Юлишка опешила. Прежде она думала, что Балинт сердится за то, что поддался ее уговорам и спрятал листовки, а значит, его крестный отец из-за нее попал в тюрьму, — но сейчас он кипятился уже совсем из-за другого: зачем не спросила адреса той, кому листовки принадлежат? Тяжелый он человек, думала Юлишка, намучаюсь я с ним. Юлишка очень горевала о Балинте те два или три месяца, что не видела его, часто плакала, особенно по воскресеньям, прождав напрасно к обеду, но ей ни разу даже не пришло в голову, что Балинт может покинуть ее навсегда, а она — с этим примириться. Она была красивая девочка, на улице совсем взрослые мужчины оборачивались ей вслед, было у нее и несколько знакомых мальчиков, с которыми она изредка пересмеивалась и которые охотно стали бы ее верными спутниками, как-то Юлишка даже ходила с одним из них в кино, но когда тот вздумал лапать ее, так ударила в грудь, что парень свалился со стула. Ребята, привыкшие к более легким успехам, быстро от нее отходили, и девочка оставалась одна со своими материнскими заботами об отце и старенькой бабушке; впрочем, не считая одного-двух воскресений, проведенных в горьких слезах, она стойко переносила одиночество, живая фантазия и готовность поболтать даже с самою собой заполняли неподходящее для ее возраста уединение. Стряпая, перемывая посуду, она громко, по-детски игриво разговаривала с окружающими предметами, а из комнаты в это время неслись старческие причитания Сисиньоре, славшей упреки далекому миру; два одиноких монолога по обе стороны стены лились одновременно — монолог девочки и монолог старухи. Подруг у Юлишки как-то не было, разве что мимолетные приятельницы, единственная более или менее близкая подруга, Ирма Живанович, переехала в Кёбаню, на другой конец города, и с тех пор они почти не виделись.
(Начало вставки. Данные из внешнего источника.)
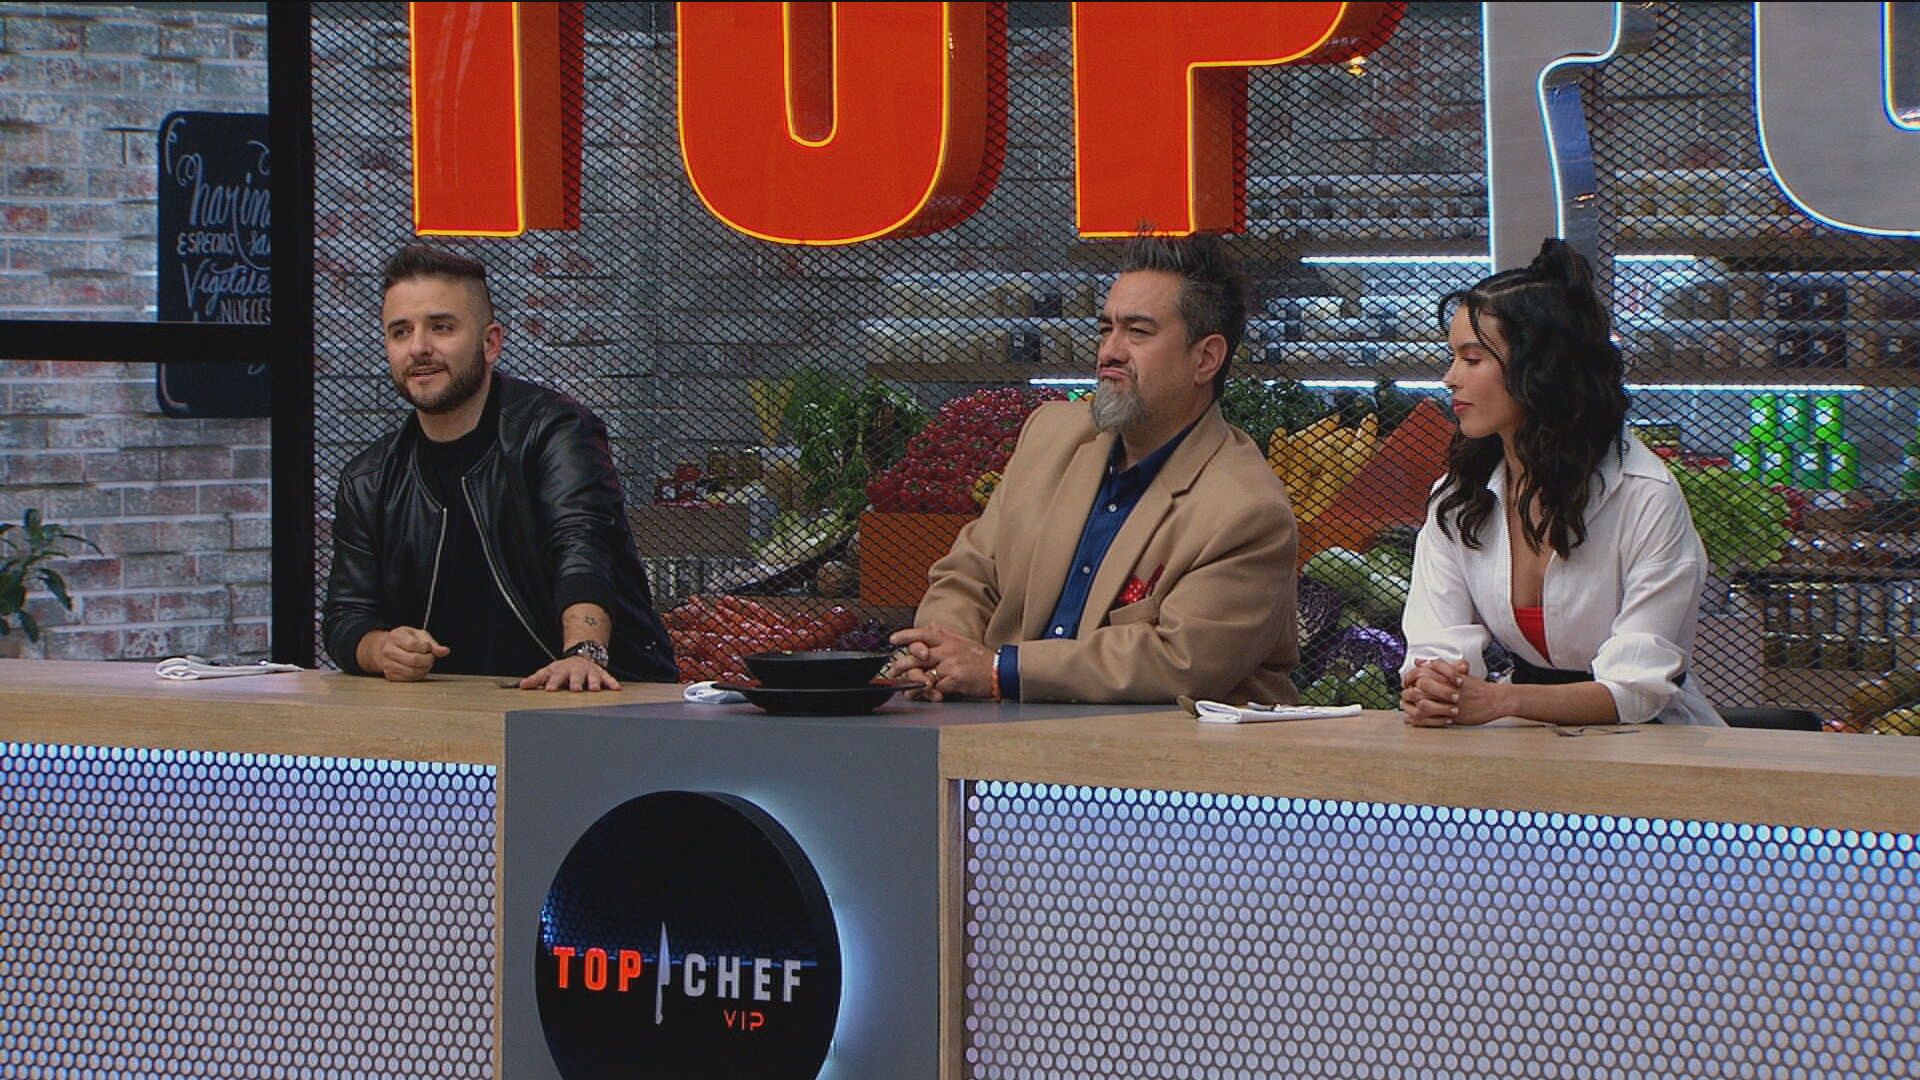 Watch Top Chef VIP Episode Uno menos

— Я не знала, что тебе нужен ее адрес, — оправдывалась девочка. — Да я и сама хотела спросить, чтобы навестить Юлишку, но не успела опомниться, как ее уж и след простыл.
— Голова у тебя варит медленно, я всегда это говорил, — проворчал Балинт. — Чего еще тебе от меня нужно?
— Послушай, Балинт, — внезапно решившись, сказала Юлишка, и ее бледное личико под венком угольно-черных волос сразу заострилось, — ты на меня сердишься за то, что я отдала тебе те бумаги?
— Очень нужно мне сердиться!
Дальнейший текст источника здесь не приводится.